I already knew Alice Sebold from The Lovely Bones, but I had not heard of Lucky (1999) by the same author until I saw it on my 50 Books Every Woman Should Read Before She Turns 40 List. Written just before The Lovely Bones, it is the true story of Sebold's violent rape, on the last day of her first year of college. This book was good. It was well written, tense, often difficult to read, and eye-opening. Sebold is very honest about the rape and how it affected her. Although this is on a list of books for women to read, I kept thinking it would be a good book for men to read as well.
The book begins immediately with a detailed, disturbing account of everything that happened to Sebold on her last night in Syracuse after her first year of college. Walking back to her dorm through a park, she is attacked by a stranger in an ordeal that lasts more than an hour. The rapist is violent, disturbed, and frightening. After reading this, I got up and checked the locks on my front door--something I never bother to do. Sebold tries to get away and then does her best to stay alive. Eventually, the rapist lets her go, and she manages to walk back to her dorm before getting medical care and giving a report to the police.
If you forget that this is a personal memoir, this book could almost read as a crime thriller or an episode of Law & Order SVU. Sebold bravely goes back to Syracuse the next year and sees her rapist in the street. She contacts the police and he is arrested on her description. The trial process is difficult, but Sebold views it as a battle and prevails. She goes into great detail of what she was thinking and her testimony at both the grand jury and trial. Even after the trial, Sebold had a lot to deal with. If this wasn't a true story, I might have thought, "Okay, that's enough, let her heal."
Sebold did a fantastic job with contrasting her life before and after the rape in a way that stuck with me. She described the fun, flirtatious pictures she was taking just a few hours before she was raped--a carefree college student having fun with a boy she liked--and the crime scene photos taken after at the hospital and the police station--a new girl, haunted and broken. Sebold also discussed how she had a hard time relating to her friends and the difficulty in coming back to school where she was known as "the girl who was raped." People she didn't know or barely knew were using their proximity to her trauma for their own social gain.

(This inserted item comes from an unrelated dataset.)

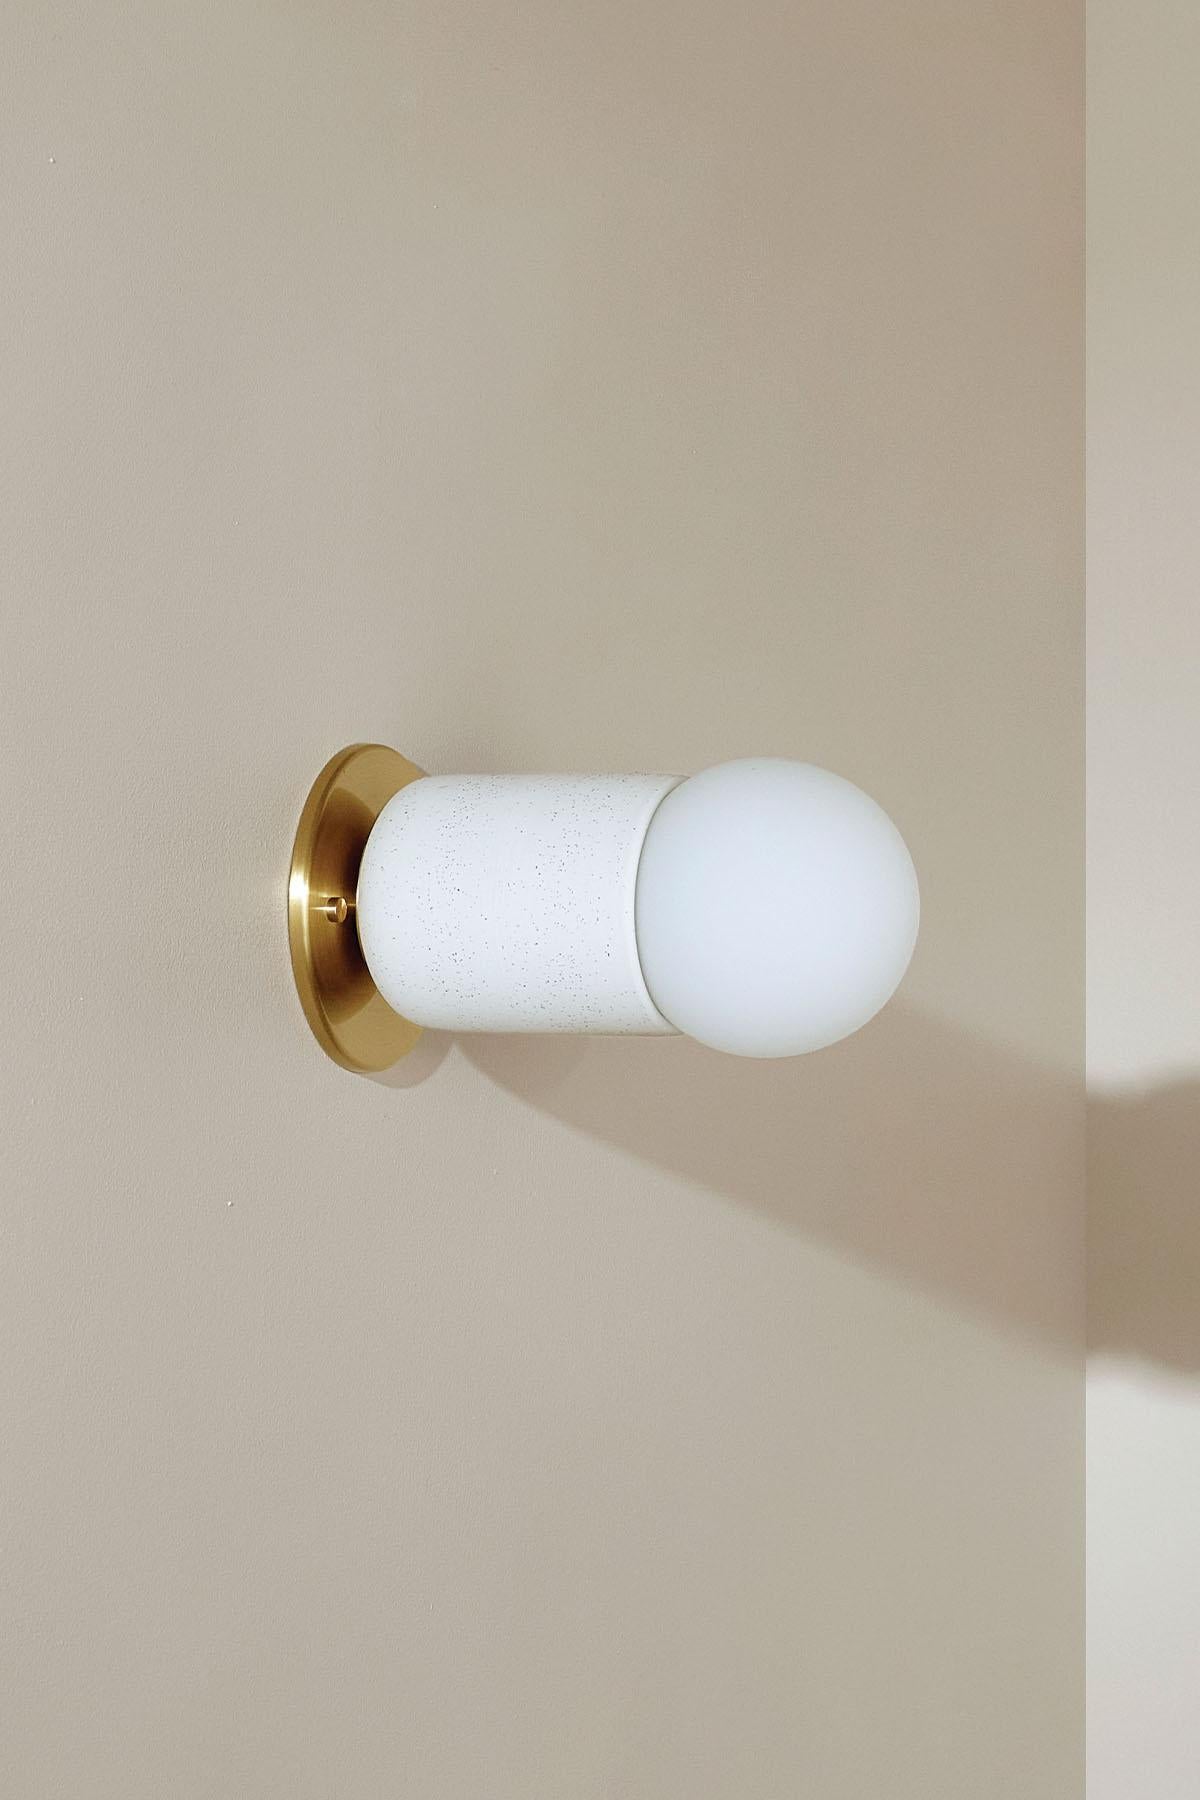 Simple cylindrical ceramic forms define the Terra 1 range, which comes in pendant light, wall light, and in long and short articulating wall light formats. The Terra 1 Surface Sconce, Slim Base is available in a choice of three tones – Slate, Sage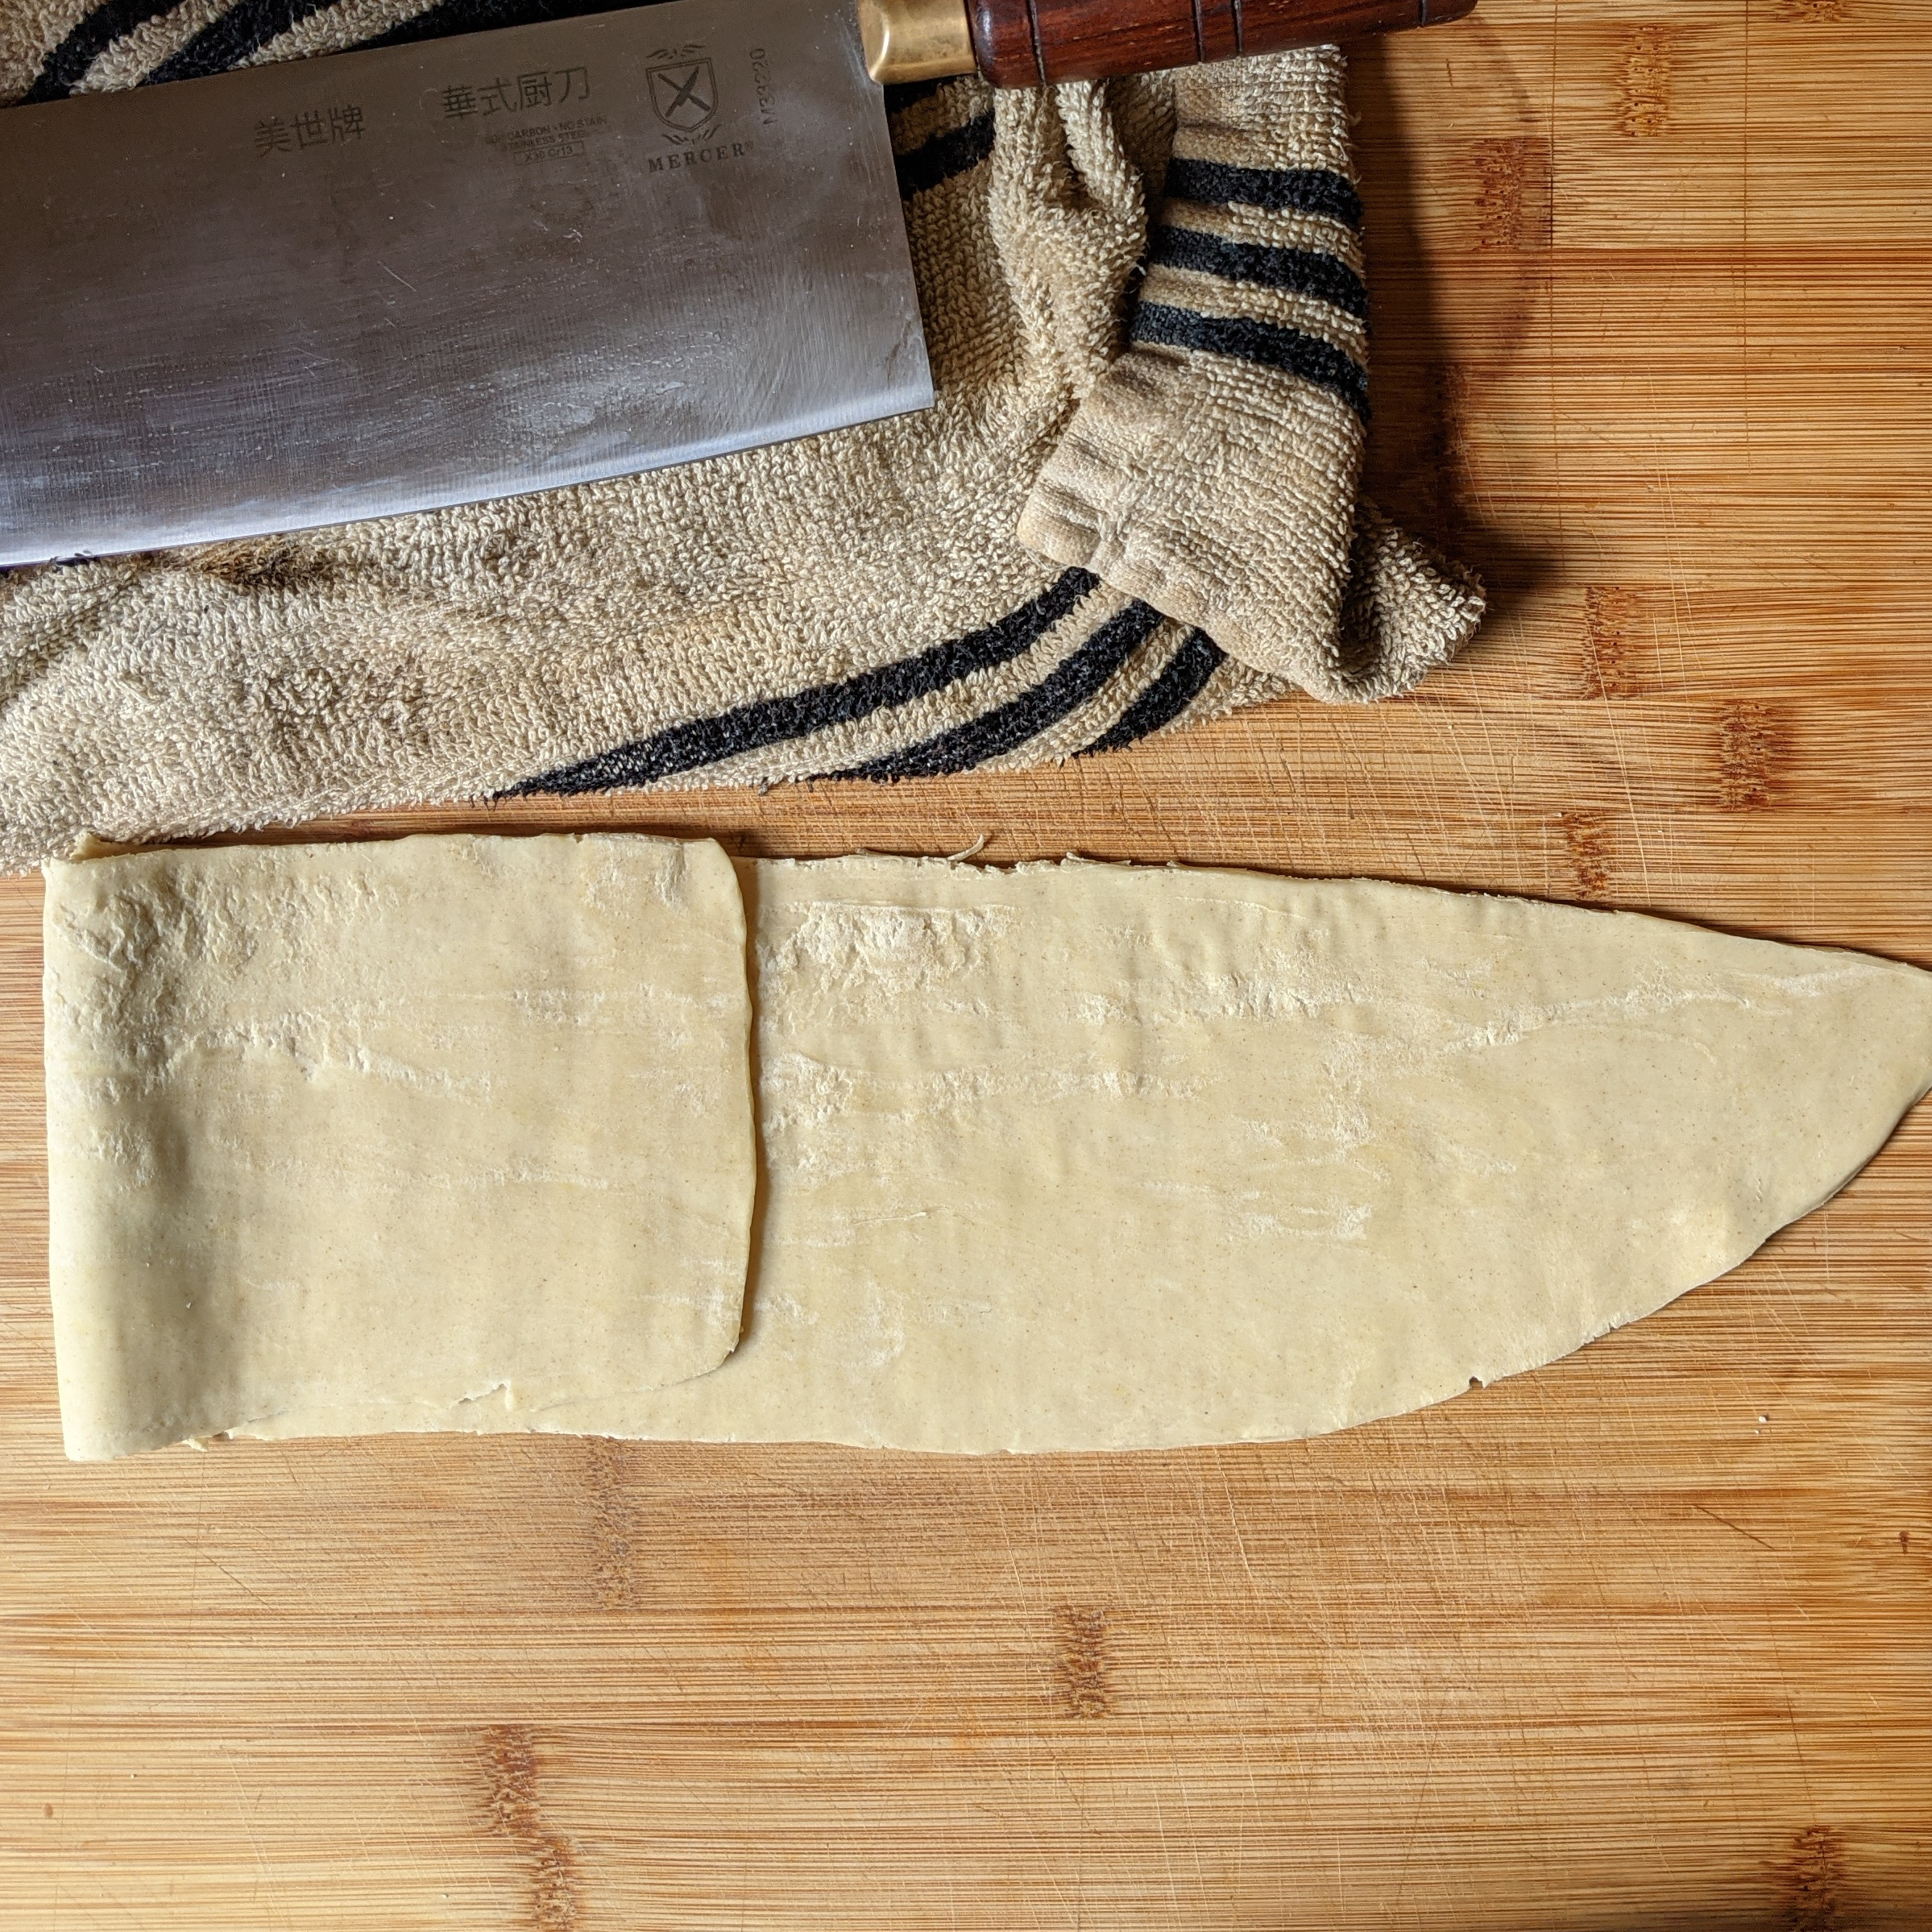 Dough is folded into one third

It seems that society is slowly becoming better about helping women deal with sexual assault. The process of police reports and trials have improved slightly, but there is still a long ways to go. I completely understand why women would not want to put themselves through the trauma of reliving all of that horror only to most likely see their rapist walk away in the end. Sebold was raped in 1981, ages ago when it comes to the treatment of women in rape cases. Sebold had to deal with a lot of biases and prejudices when it came to her case, even though, in many ways, she was a "good victim" from a prosecutor's point of view. She was a virgin, white, and a well-spoken college student. She'd been wearing a sweater and jeans and had been completely sober. Her rapist was a stranger and she fought him with tons of corroborating physical wounds. I was scared and disturbed while reading about Sebold's rape, but it was the aftermath that stressed me out because I kept waiting for her to be mistreated by the "good guys."
Sebold had to deal with a lot of ignorant, insensitive comments. The policemen told her she was "lucky" not to have been killed--that another girl had been dismembered in that same spot in the park. The day after the rape, her father said that if it had to happen to one of you (Sebold or her sister), it was good that it happened to Sebold. (I think this was more of an awkward father trying to compliment his daughter that she was emotionally tough, but it did not come out well). The grand jury asked Sebold over and over again why she was walking in the park alone at night. The defense attorney asked what she was wearing. And Sebold found out years later that the cop that took her statement did not initially believe her! Finally, Sebold's father couldn't understand why Sebold didn't get away from her rapist once he dropped the knife. I cannot even imagine what Sebold would have had to go through if she did not fit the profile of a "good victim" in a rape case.
I'd recommend this book as an honest and detailed picture of one woman's rape and how it affected her. Sebold stated that she wanted to lose some of the mystery around rape by writing openly about her own, and I appreciate her courage. I found myself talking about this book a lot with my friends. Because I was so bothered by it, it wasn't one I could easily digest on my own.